▸ **Problem statement**
Please reproduce all of the data exactly as it appears, but skip the pictures.

▸ **Data segment**
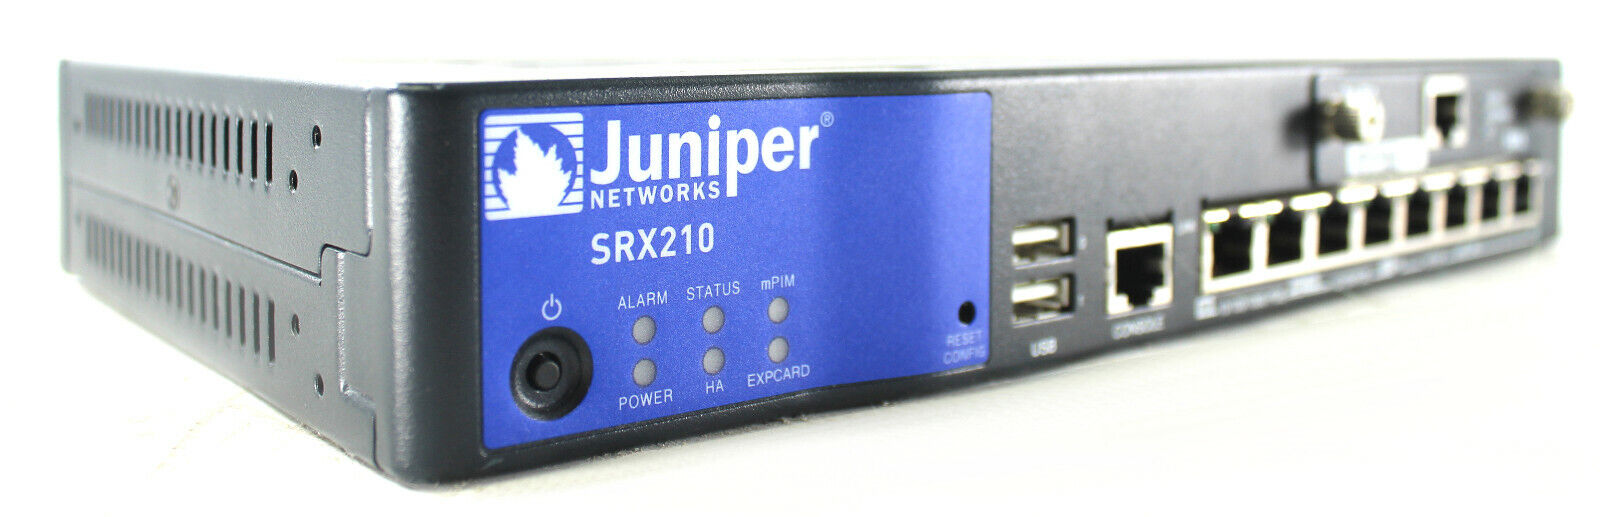 Juniper SRX210 SRX210HE-POE Gateway with T1/E1 card - No AC Adapter
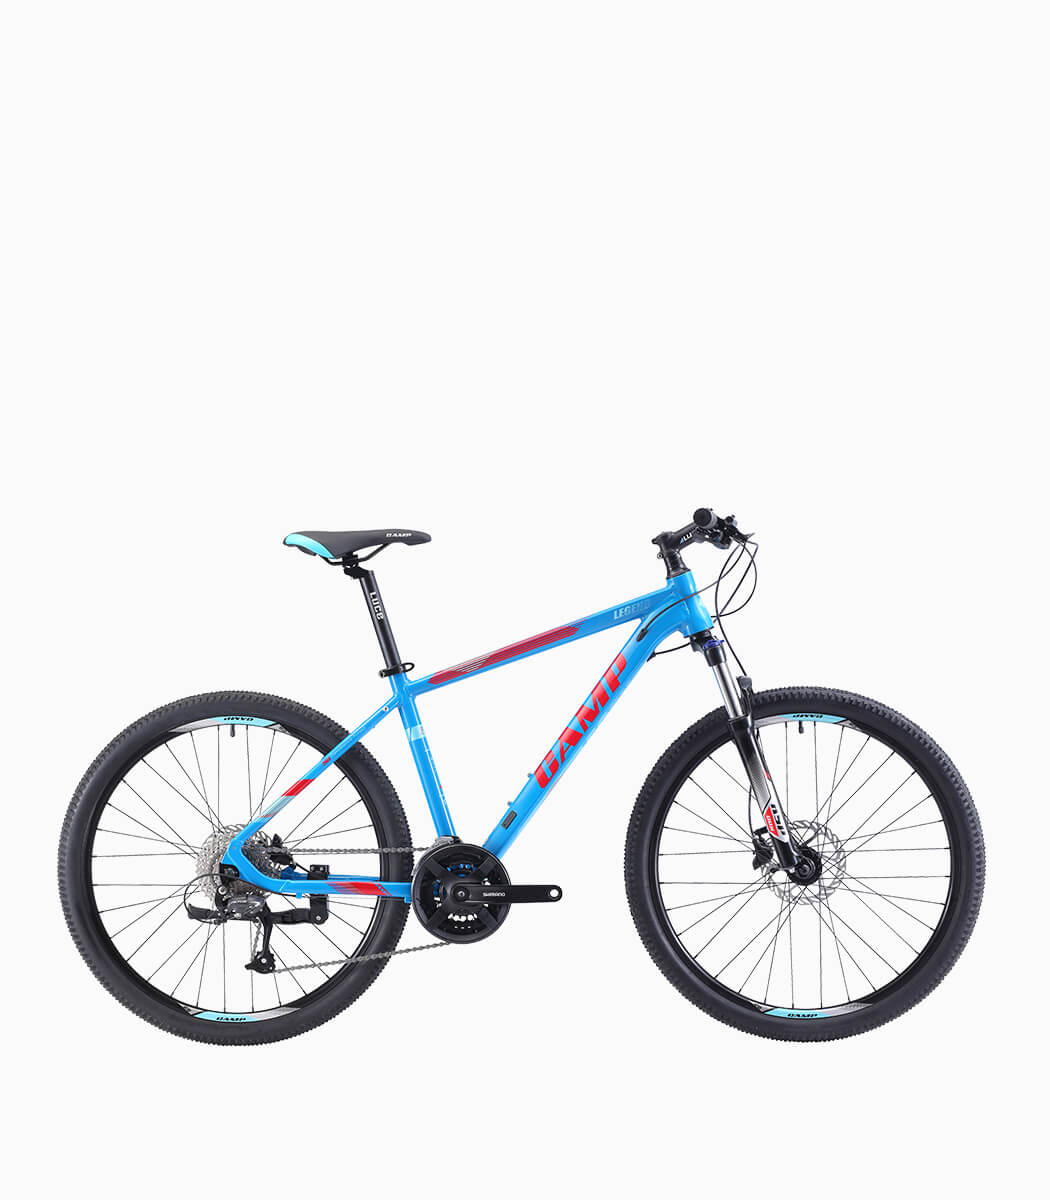 CAMP iLEAP GTX (BLUE-RED) mountain bike right
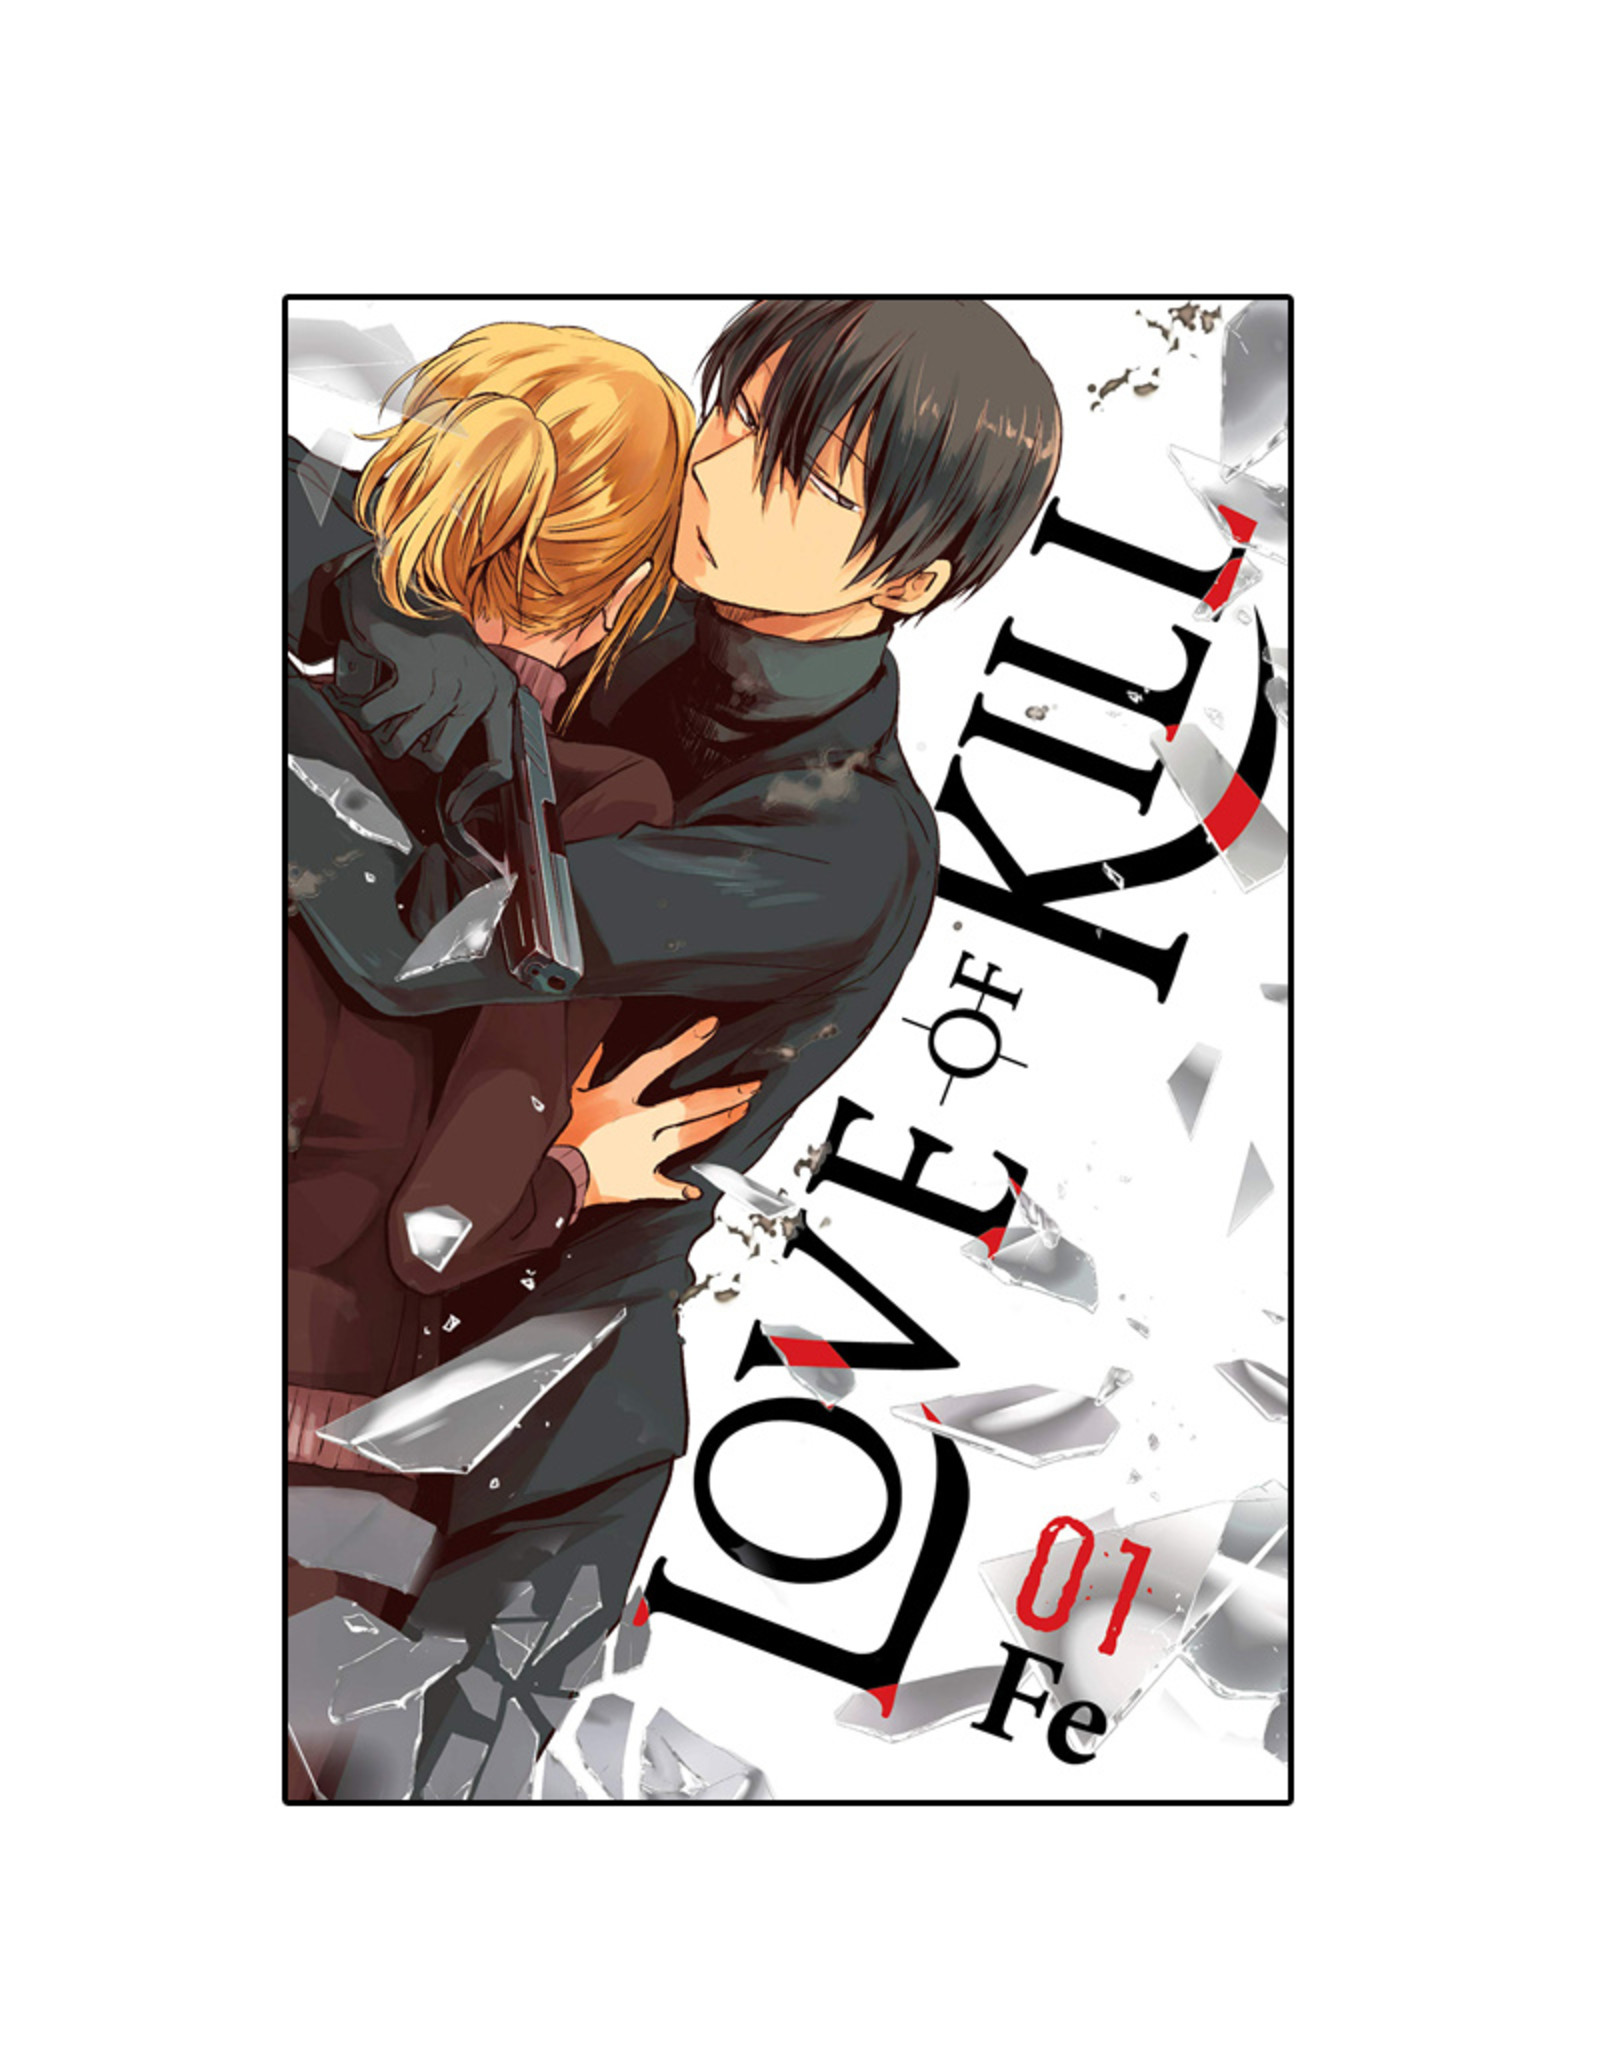 Yen Press Love of Kill Volume 01
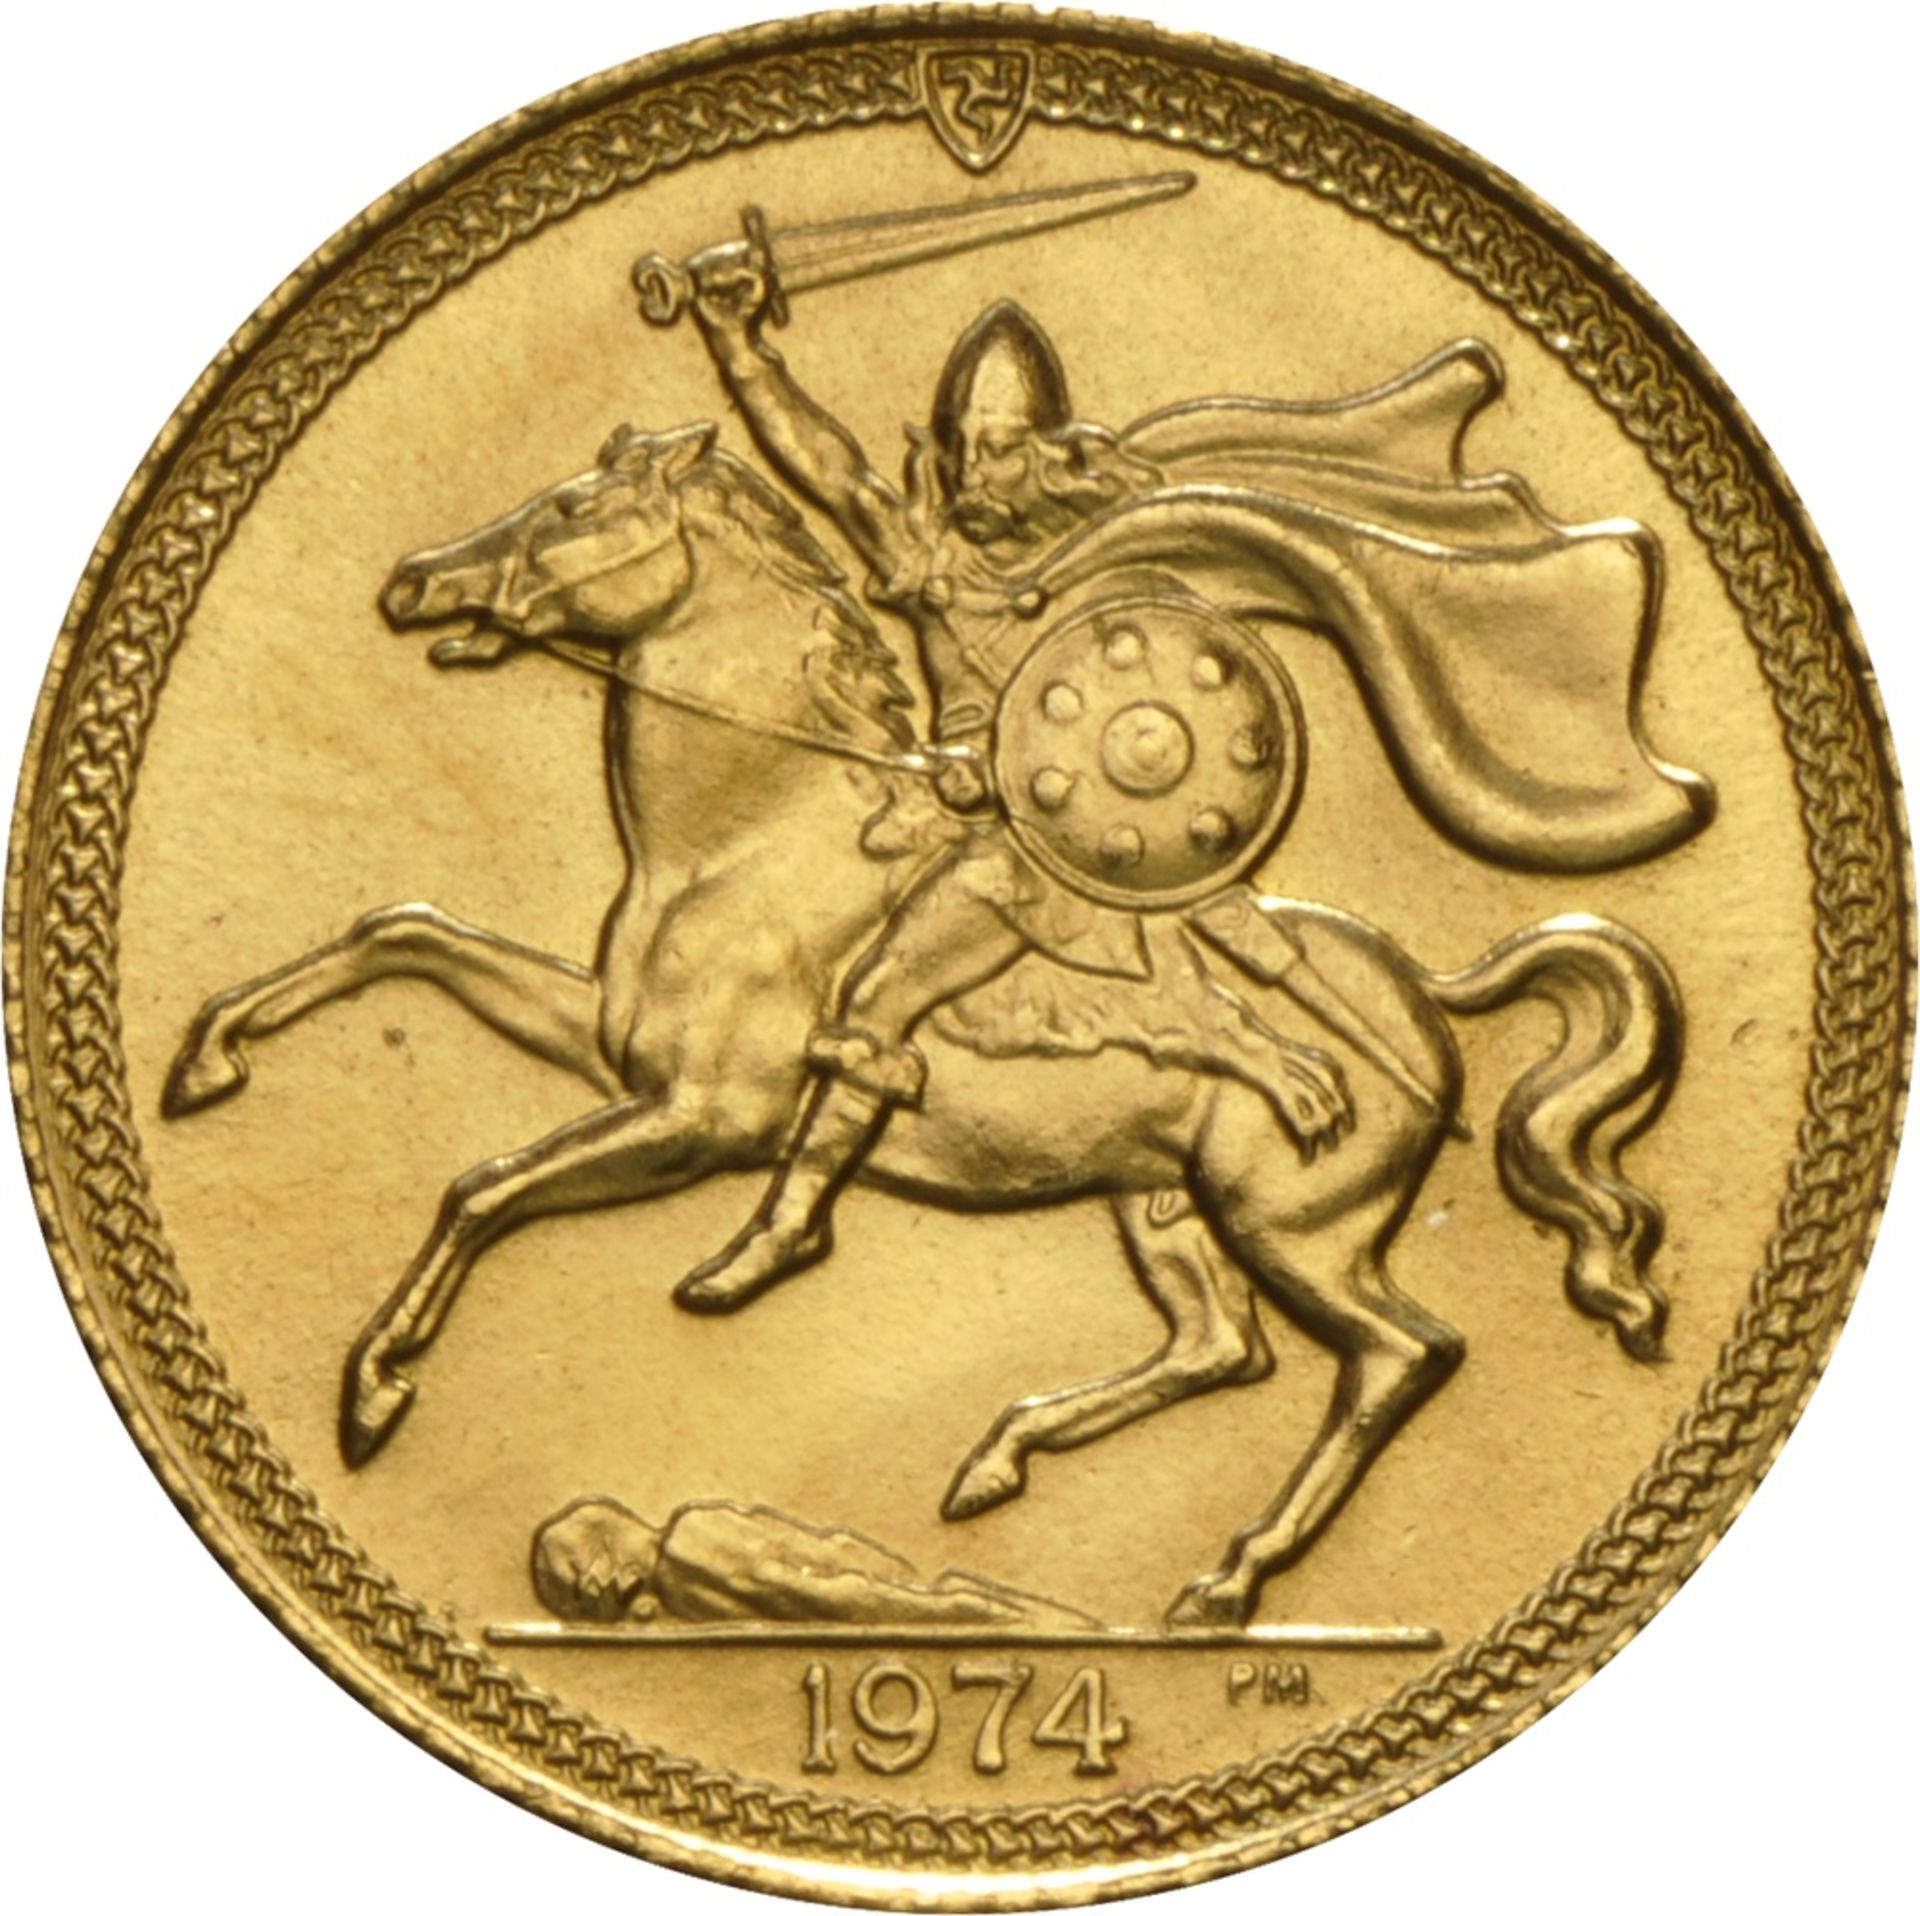 Isle of Man, Elizabeth II, gold Half-Sovereign - Image 2 of 2

▸ **Problem solution**
 Juniper SRX210 SRX210HE-POE Gateway with T1/E1 card - No AC Adapter
 CAMP iLEAP GTX (BLUE-RED) mountain bike right
 Yen Press Love of Kill Volume 01
 Isle of Man, Elizabeth II, gold Half-Sovereign - Image 2 of 2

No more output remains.